We
hear lots of complaints about American jobs lost to workers in China
and India. I recently had
occasion to see a silver lining to this
otherwise dark cloud. I was looking for an opportunity for one of my
clients to manufacture a product in China
. He had been told that his
comfort liners for bicycle helmets had to be made in China because that
was where all of the bicycle helmet manufacturers were now located. So
I arranged a meeting for my client with a local Chinese Export/Import
dealer. What I learned at that meeting was an eye-opener.
The dealer said that he couldn’t help my client for two reasons. The first was that he had a different mission, exporting high value American made goods to China.
We often think of the Chinese market as a 1.2 billion low income
customers for inexpensive products, but that is an incomplete and
incorrect view.
The dealer pointed out that the new world of
commerce has created high income Chinese who want to buy products
perceived by them as high value, and to those Chinese those high value
goods are American (and European).
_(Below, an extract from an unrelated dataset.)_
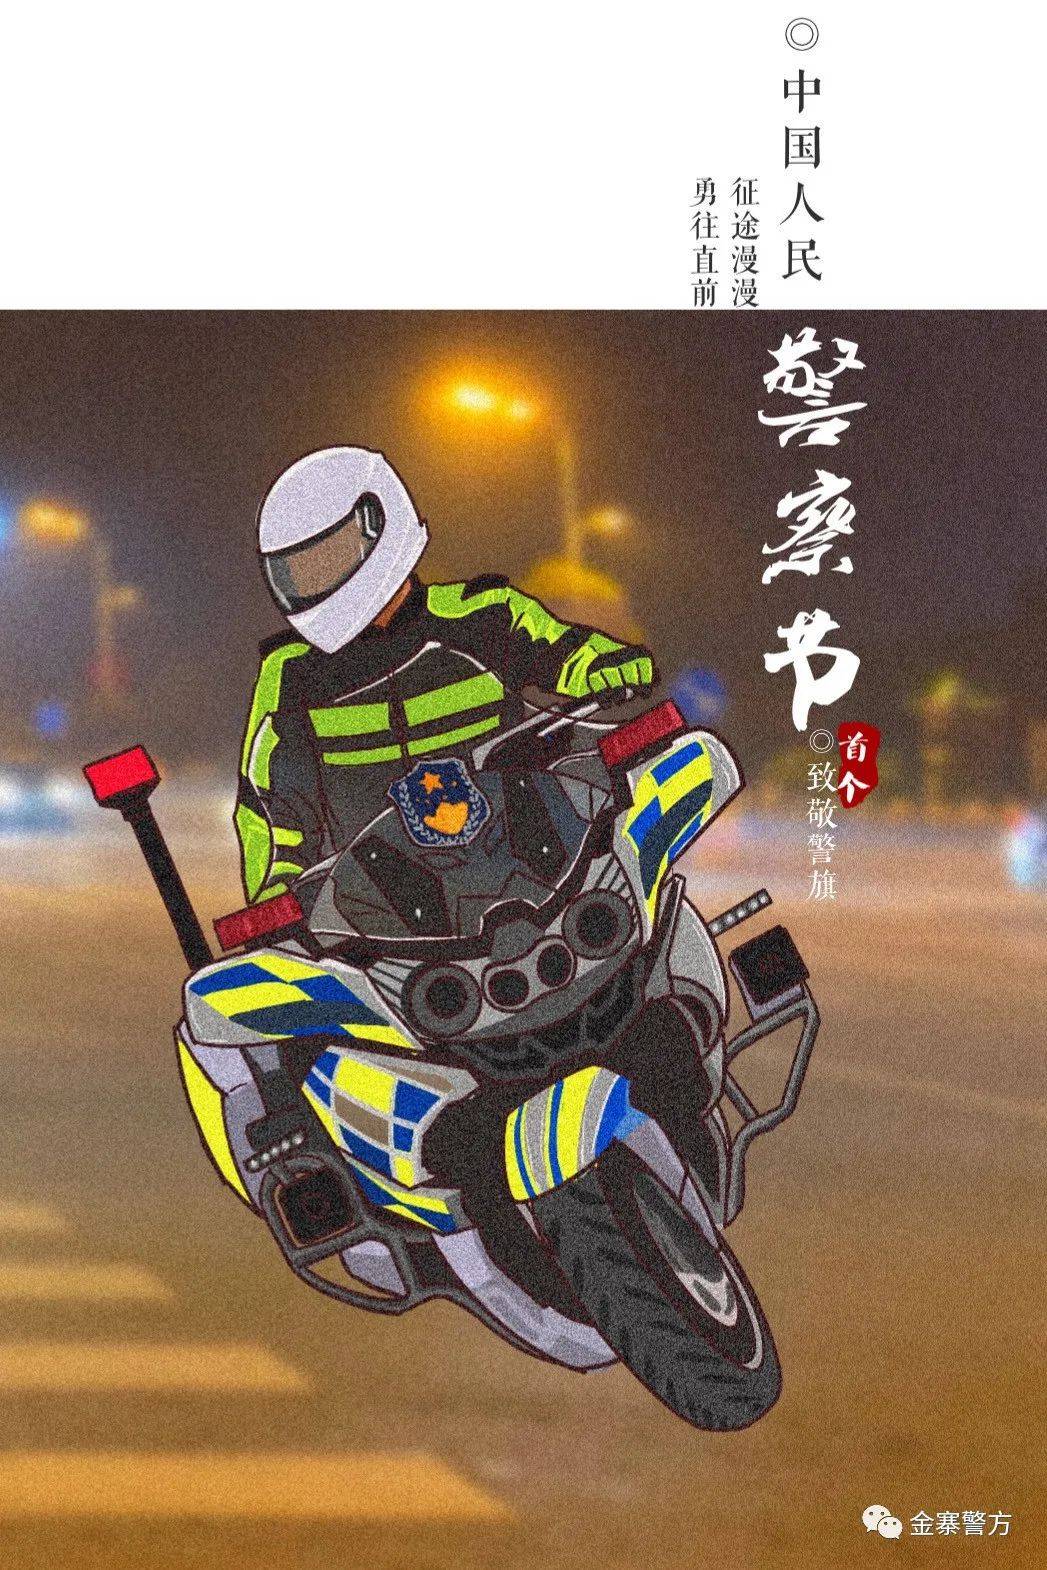 六安女警手绘漫画献礼警察节!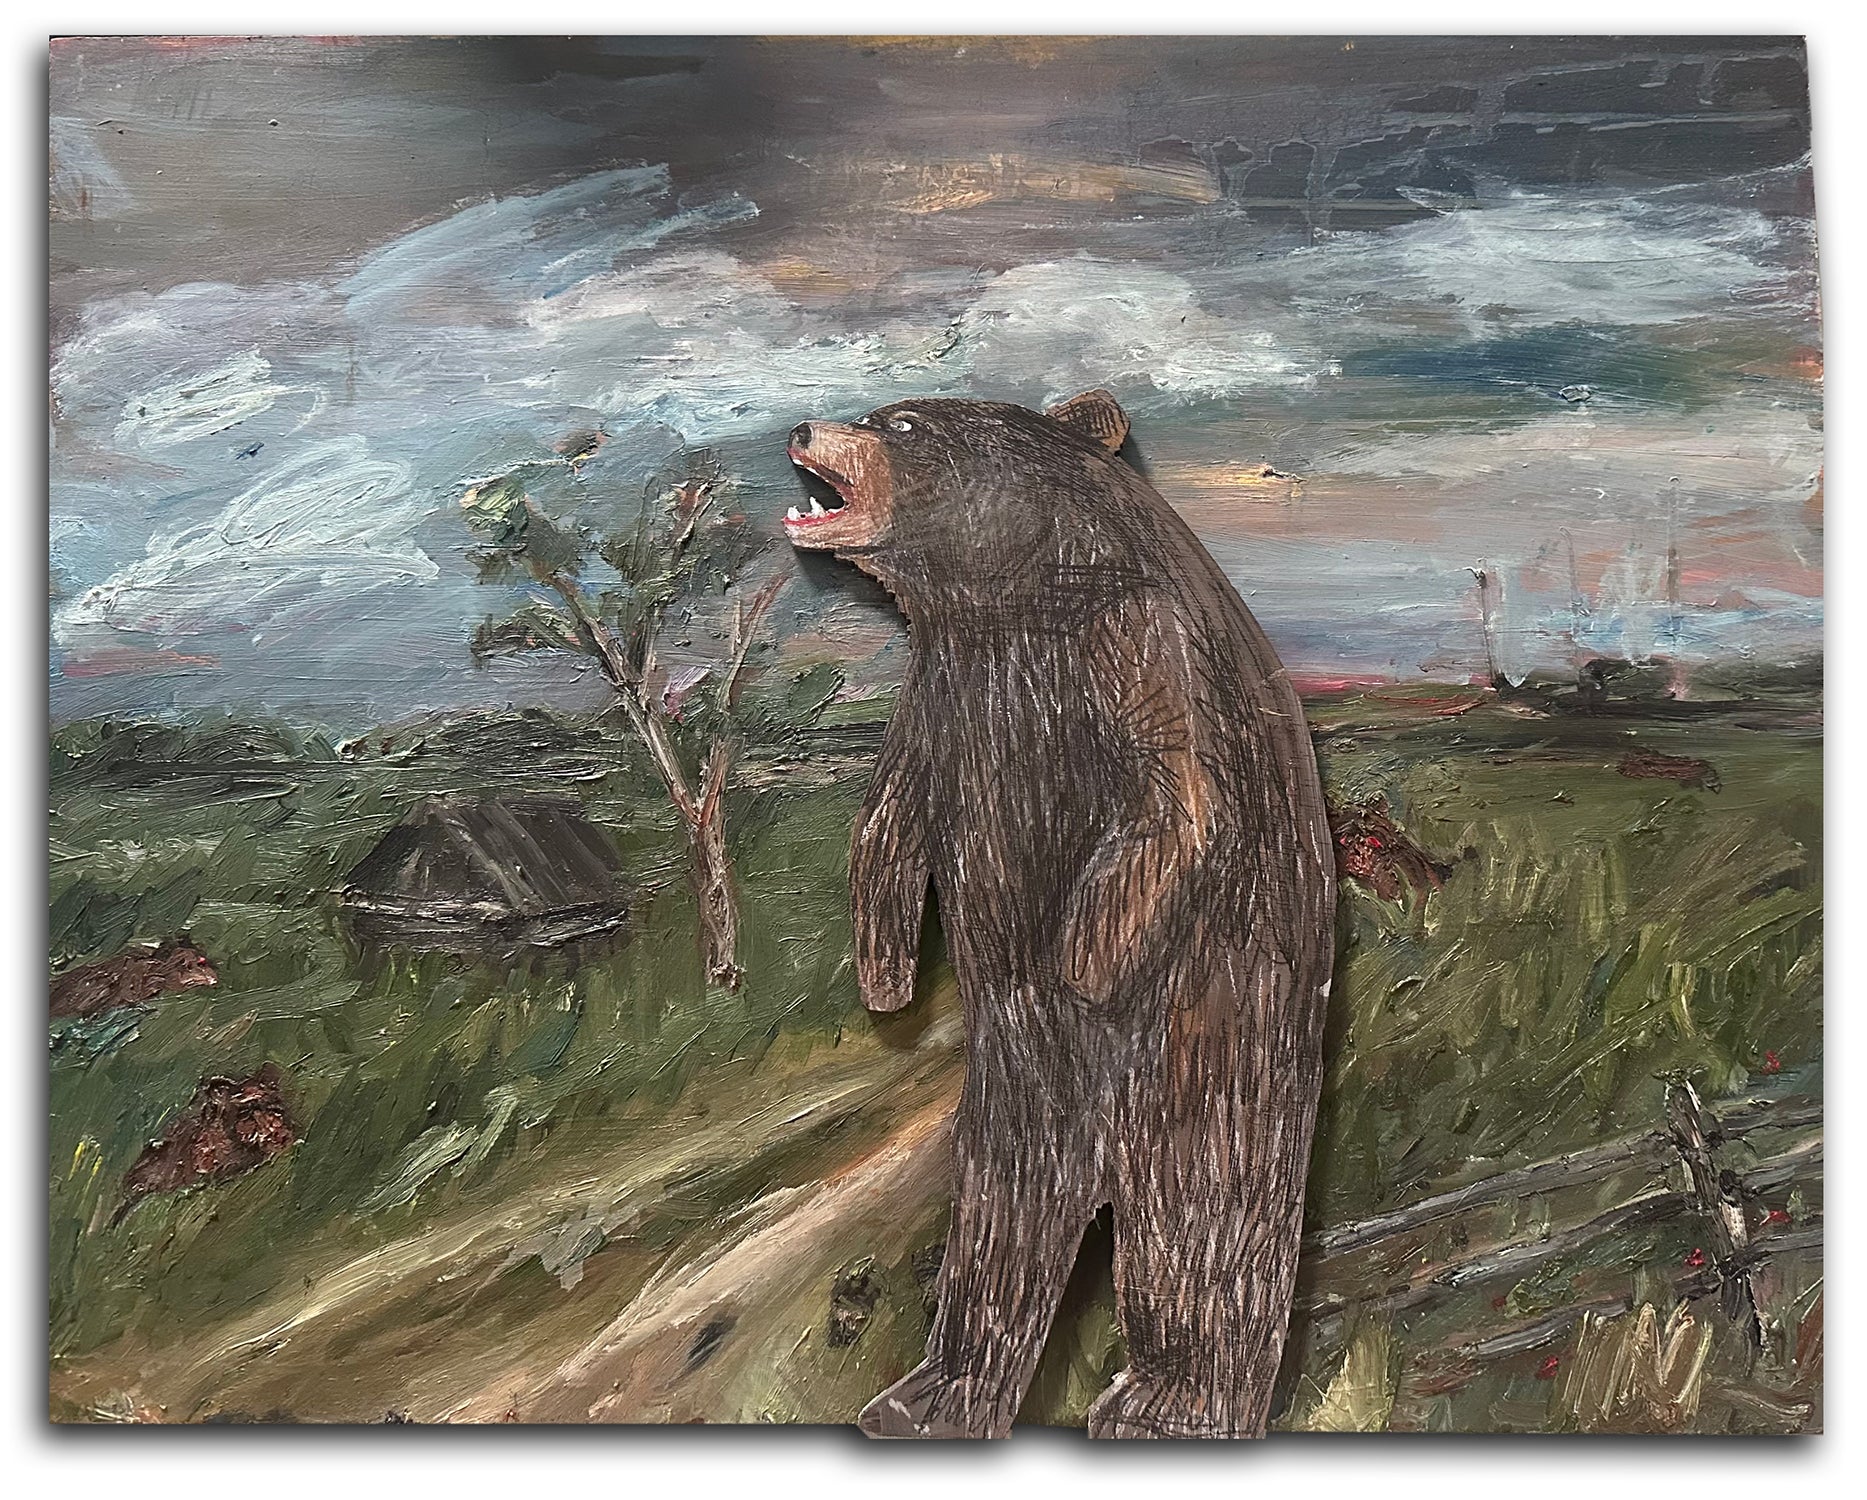 Dasha Bazanova, "Bear Outside the Village"

The exporter was busily arranging to
export Zweigle’s hot dogs to China.
I said, "Who in China has
ever heard of Zweigle’s white hots?" and he replied, "You would be
surprised how many Chinese either attended or know someone who attended
the University of Rochester." I guess they developed the taste for
Zweigle’s at local picnics. Maybe there is also a market for Buffalo
chicken wings?
The other thing he told me was to forget trying
to convince Chinese bicycle helmet manufacturers to buy American helmet
liners. "These Chinese factories," he said, "are just captive
satellites of the American parent companies. They make what they are
told and compete to be able to supply at the lowest possible price
because the American companies play one of them off against the other.
The American companies that told your client that they had no power
over the manufacturing of their helmets were lying to your client."
All in all it was a very interesting and surprising conversation.